Upon first logging in to the mobile app of Youku, one of the country's major online video services, it says "We are permitted to read your phone number and telephone content in order to enforce account information security and recommend content better suited to you." After registering, access to the service's user agreement and privacy policy is nowhere to be found.
Again, "If you don't agree with our privacy policy, this software and services won't operate normally ... when you use our software and related services this means you have fully understood the whole content of our privacy policy," reads the privacy terms of Toutiao, one of China's biggest news and information platforms based on data mining and machine learning technology to recommend personalized content for individual users.
Even though the functions such as ‘reading of contact data", ‘direct calls' and ‘recording" appeared on the Android mobile phone of Huawei, the multinational telecommunication equipment company, its users agreement does not inform users explicitly what it would be permitted to read, nor for what use.
As this newspaper found out, whether it's Alipay, the third-party online and mobile payment platform, Didi, the ride-sharing behemoth that acquired Uber China in 2016, Taobao, the e-commerce website, or amap.com, a mapping application, they all mention in their privacy terms that they may share users' information under certain circumstances without their consent. This includes academic research for the purpose of service quality or for authorized third party partners.
"Collection of personal data and processing should be subject to consent. So far no law stipulates that their personal information can be disclosed just because it has to do with academic research, legitimate news reports or credit evaluation without the users' consent," said Deng Xueping, an attorney for the Capital Equity Legal Group's Shanghai office, and a former senior prosecutor,.
As Jack Ma, founder and CEO of Alibaba group, said recently: "The coming 30 years is where the enormous opportunities lay. Data will be the core resource."
Scientific development takes precedence over vague moral concerns.
Zhou Kunxuan, CEO of 23 Mofang, an online gene-testing company, said at a recent product launch: "Our users soared from 30,000 to 160,000 within a year. We have the largest consumer-level genetic detection database in China so far." All this relies on using people's data.
While the boundary of data and its commercial uses expand, so do ethical issues. If the biological characteristics of a person make up an important part of personal data, will an insurance company still cover you if it can predict that you will soon be subject to serious illness?
Li Kaifu, a Taiwanese-American venture capitalist who launched Google China in Beijing, once said, "Generally speaking, in China, scientific development takes precedence over vague moral concerns."
Jiang Lin told the Economic Observer that almost none of the sampled companies comply with the ‘minimum necessity" principle to access clients' sensitive personal data. "A lot of enterprises collect as much data as possible because they believe that even if it may not be useful now, it could be one day."

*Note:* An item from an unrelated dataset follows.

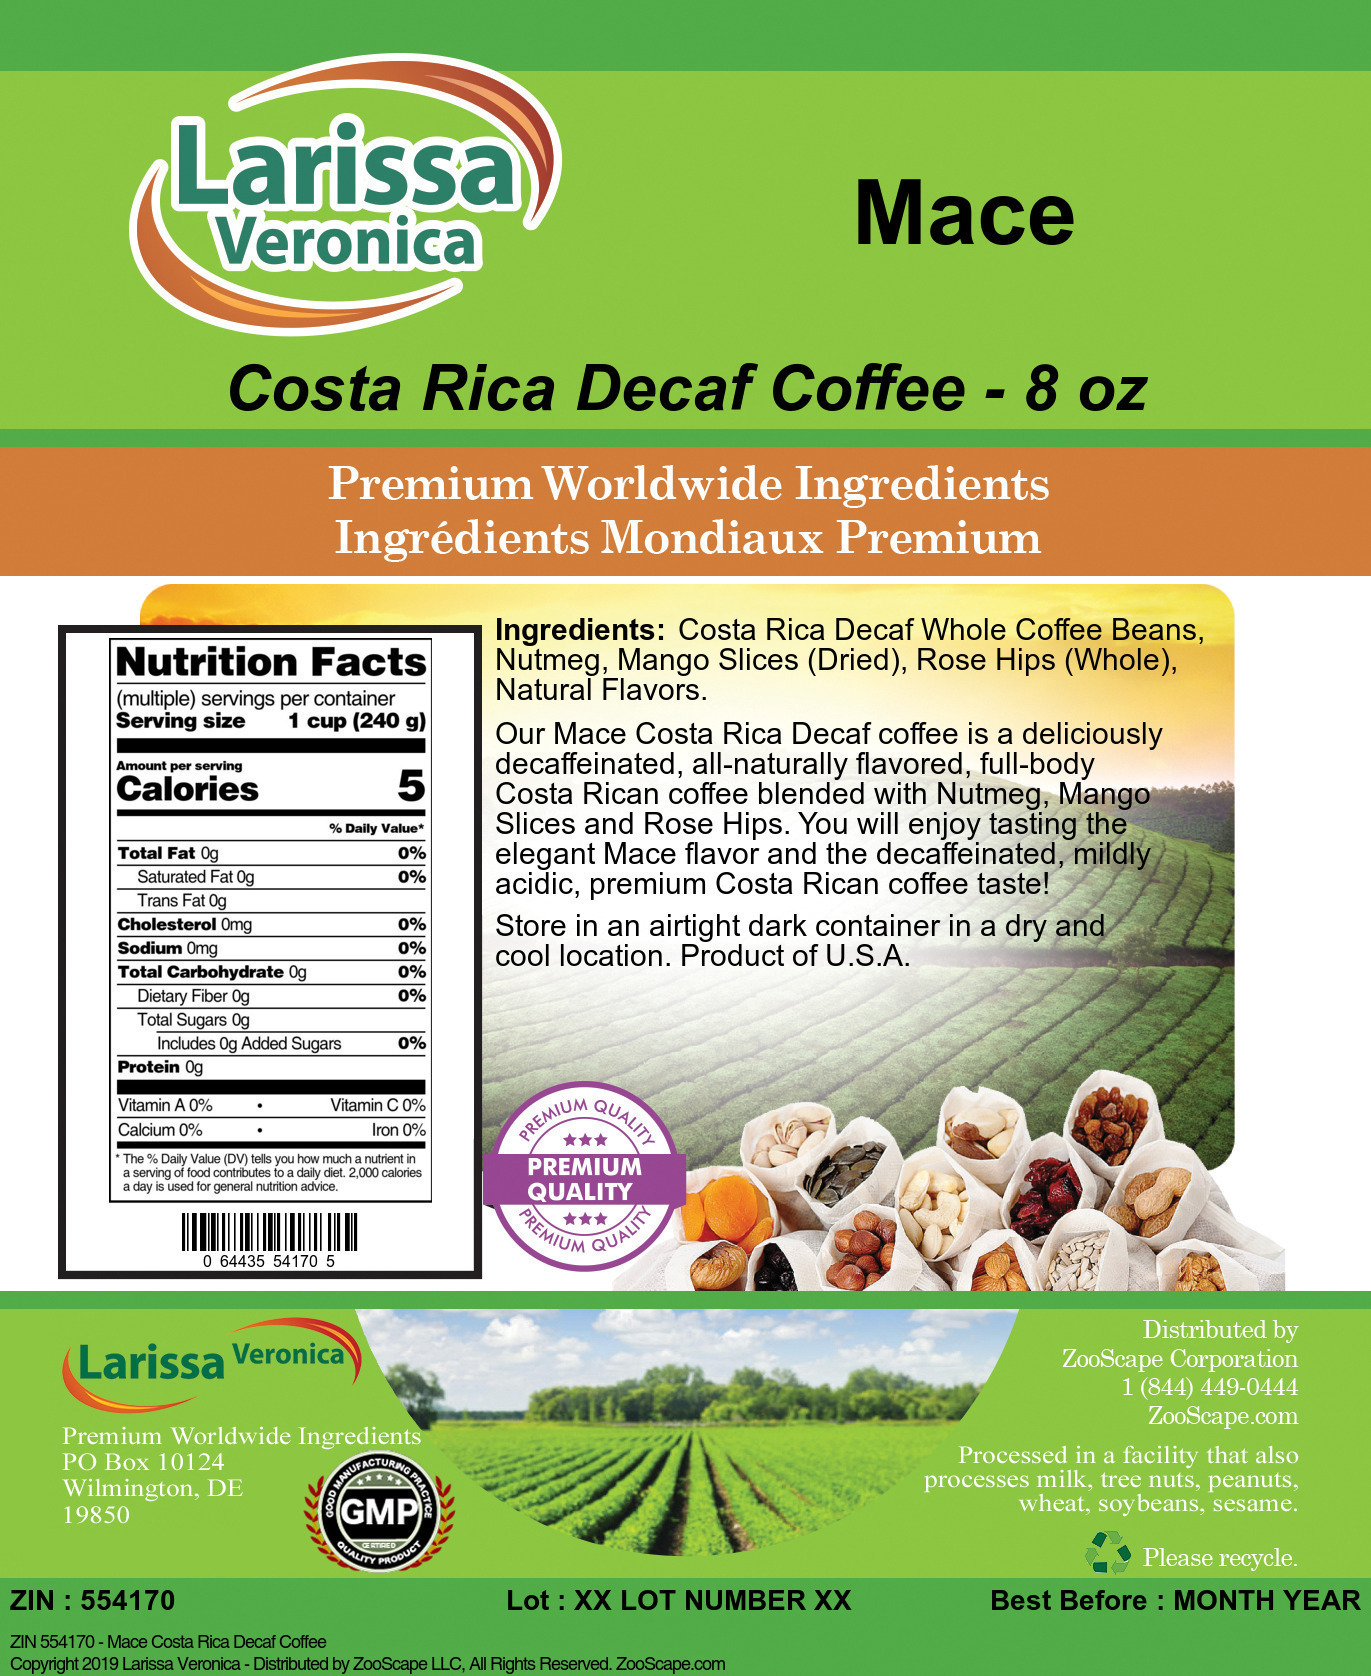 Mace Costa Rica Decaf Coffee - Label

The artist Deng Xueping says that at the end of the day, the plight of protecting a citizen's personal data relies solely on the moral consciousness of internet giants such as Alibaba and Tencent . "In the information age, we no longer have secrets. Big data can exploit our lifestyles, levels of consumption, favoring of trends, locations, political leanings and personalities," Deng said. "Our lives become the data of others. Our data becomes the choices of others. Our choices become the rights of others."